Currently, one commonly-used method for projecting river discharges
under climate change scenarios is using hydrological models fed by the
outputs of climate models (Ghosh and Mujumdar, 2008; Gardner, 2009;
Shivam et al., 2019). One approach of hydrologic modeling is physical
models (e.g., SWAT, TOPMODEL and HYPE) fed with data on climate, land
use, vegetation, etc. A physical model focuses on the analysis of
hydrological processes by its abundant components. Although widely used,
it still has the limitations of too complex structures and high data
requirements (Partington et al., 2012). In addition, many model
parameters only depend on experiences (Gao et al., 2009), which may
affect accuracies of physical models. Another approach is data-driven
models which just focuses on the relationship between inputs and outputs
rather than the internal structure (Modarres, 2009). Due to the simple
focus, data-driven models always have less demand on data. In general,
precipitation and climate data are easily to obtain compared with soil,
vegetation, and groundwater data (Shoaib et al., 2014). Thus,
data-driven models have obvious advantages than physical models in terms
of predicting discharge changes regarding future warm climate
(Inmaculada et al., 2007).
Lots of statistical and autoregressive models are chosen frequently in
hydrological forecasting (Drogue et al., 2004; Cheng et al., 2016;
Okkonen and Klove, 2010). In addition to using traditional regression
analysis methods, some papers focus on machine learning recently.
However, most of them are based on “shallow” machine learning methods,
such as stepwise cluster analysis (Fan et al., 2016), back propagation
(Wang, 2010), support vector machine (Ajay et al., 2013) and artificial
neural network (Zeng et al., 2012). It can be seen that machine learning
shows better performances than traditional regression models in
hydrological forecasting. Nevertheless, the shallow learning category is
always limited by overfitting and local optimum (McInerney et al.,
2017), restricting its reliability in hydrological forecasting.
At the same time, deep learning is effective at identifying complex data
features, has relatively high accuracies, and promotes development of
data-driven models.
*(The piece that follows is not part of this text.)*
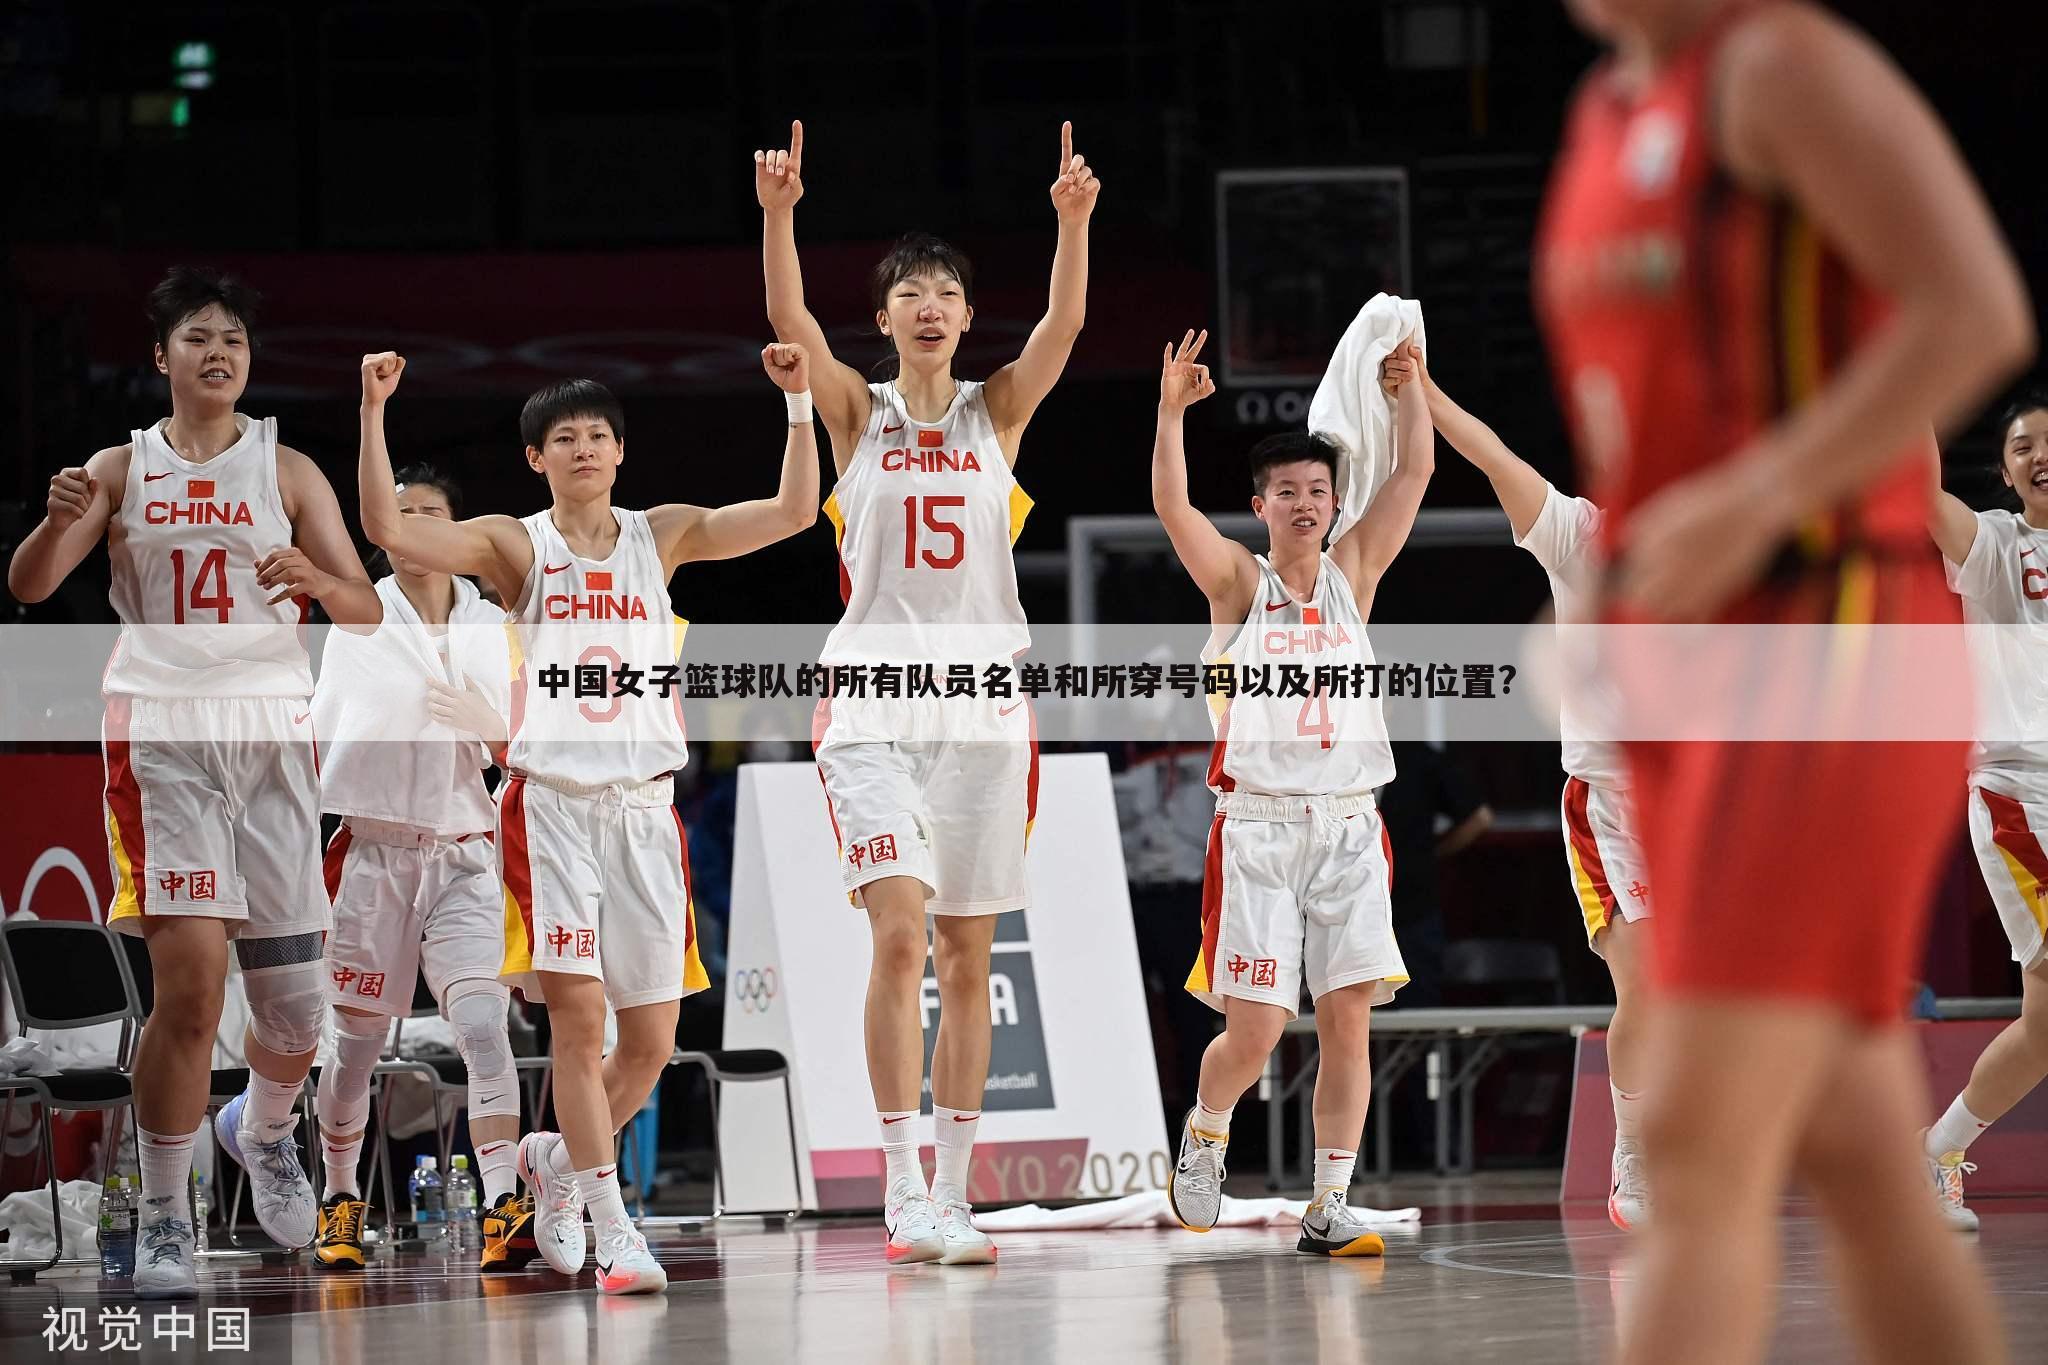 中国女子篮球队的所有队员名单和所穿号码以及所打的位置?

Due to its great advantage in solving complex
problems, this approach has been widely used in many fields recently,
such as image recognition (Chen et al., 2016; Postadjian et al., 2018),
speech recognition (Graves et al., 2013), and human behaviors (Vu et
al., 2015). Its application in system simulation has significantly
improved forecasting efficiencies, beyond shallow learning methods
drastically. In this sense, deep learning provides an advanced tool for
hydrological forecasting (LeCun et al., 2015).
Comparisons of deep learning and physical models in hydrologic modeling
showed the former has better performances (Tian et al., 2018). However,
few comprehensive study of deep learning methods for hydrological
modeling was reported in literature (Shen et al., 2018), especially
those regarding watersheds in China. Existing related studies focused on
runoff series, so linking hydrology with other variables (e.g.,
meteorology) deserves more attempts (Bai et al., 2016; Cheng et al.,
2016). Furthermore, hydrological application of deep learning has often
been probed just in a single basin (Hu et al., 2018), lacking of
effective comparisons for a variety of scenarios. Generally, one study
applying deep learning into hydrological prediction under climate change
over multiple typical basins in China has not been explored.
Thus, this study aims to explore the potential advantages of deep
learning methods in hydrological prediction and to reveal the response
of hydrological systems over three typical basins in China under climate
change conditions. These explorations will provide scientific support
for flood control and reduction, and water resources planning and
management under climate change conditions. In this article, Section 2
introduces the data and methods in the study, including climate models,
hydrological models, and simulation methods. Section 3 describes the
research area. Section 4 presents the simulation and projection results,
mainly including climate simulation, hydrological simulation, climate
projection, and hydrological forecast. Section 5 concludes the
contributions, findings and limitations of this study.